Have you all read the DDJ article by Mike Abrash where he goes into the
low-level detail of the LRB cores?

http://www.ddj.com/architect/216402188

The Larrabee architecture did not quite make me barf. ;)
Using x86 as the base it is understandable that the third vector operand
can be a memory operand, the opcode bits are there and you have a
limited register set. Make virtue out of necessity, etc.
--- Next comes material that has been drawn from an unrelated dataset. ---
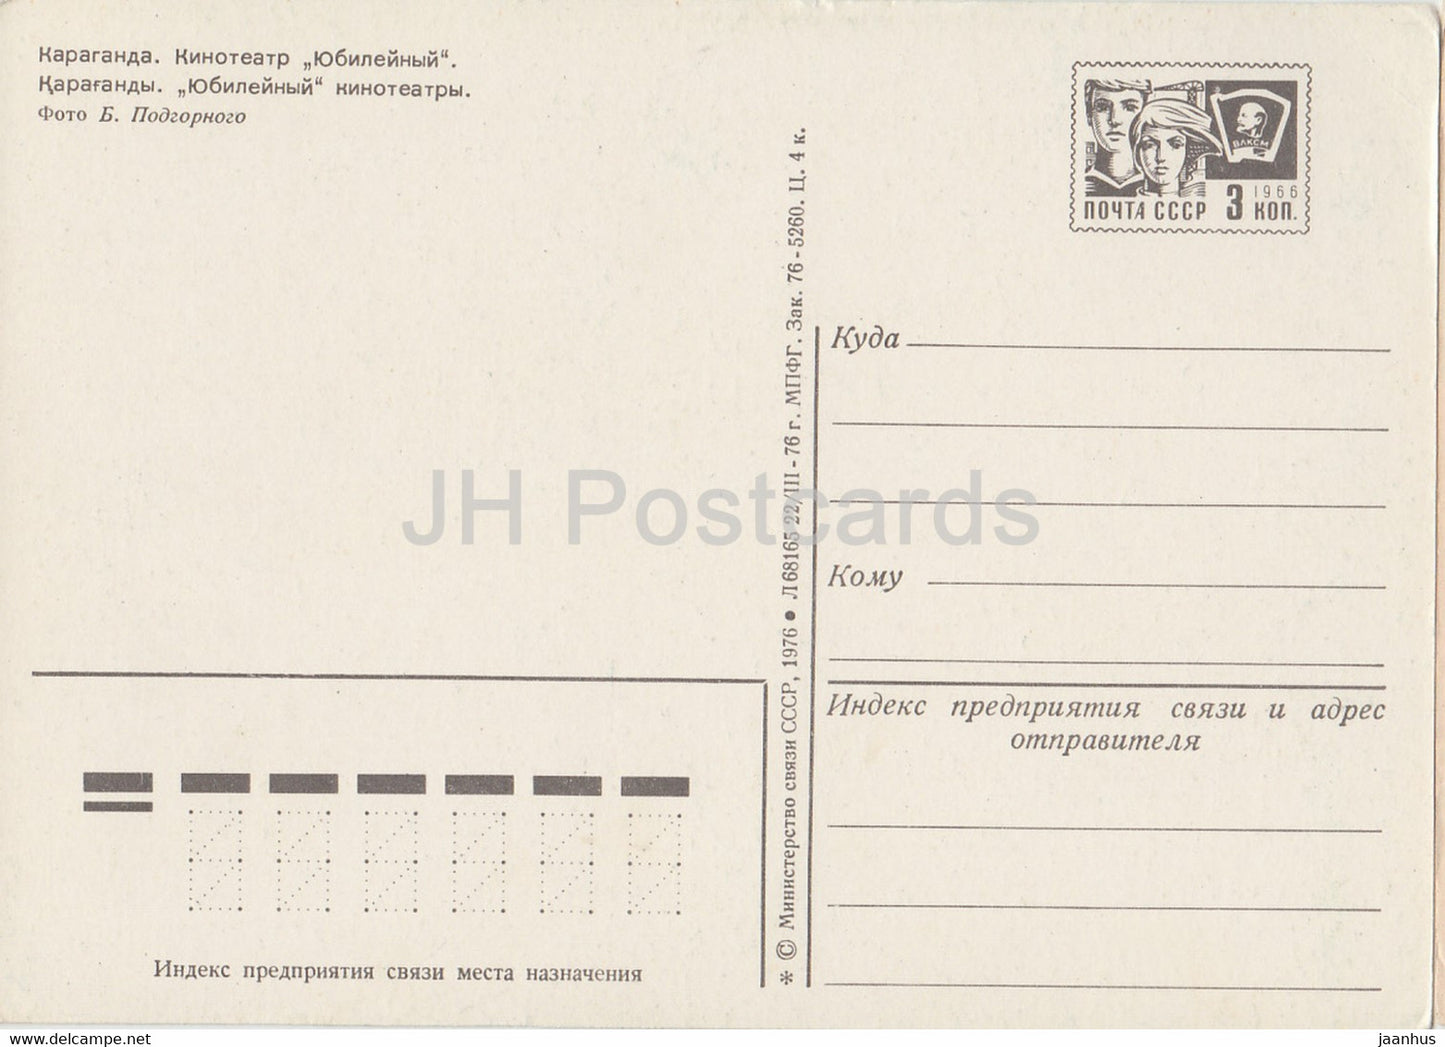 Karaganda - Karagandy - cinema theatre Yubileinyi - postal stationery - 1976 - Kazakhstan USSR - unused

There is a certain logic to Intels design decisions for Larrabee if you
think four way multi-threading makes sense due to memory latency stalls
for reads.

32 registers times 4 sets, plus some rename registers and you are
looking at ~200 actual registers. If you try and do this with 256
visible registers your actual register set becomes large, this might be
an issue, or not.

The die size tradeoffs of 4 way multi threading is mostly about reducing
the cost of x86 decode die space, and other die costs. To bring costs
down near ATI space, for the amount of work done. For anyone besides
Intel if multi threading makes sense the first thing they would do is
dump the x86 instruction set, to free up that waste.

The future looks to be RRAM, in which case we will get 8 gigs of
embedded RAM that is only two dozen cycles away or so. Simple prefetch
and a big register set can hide that latency. Multi threading dies,
except as a marketing gimmick.

Brett
.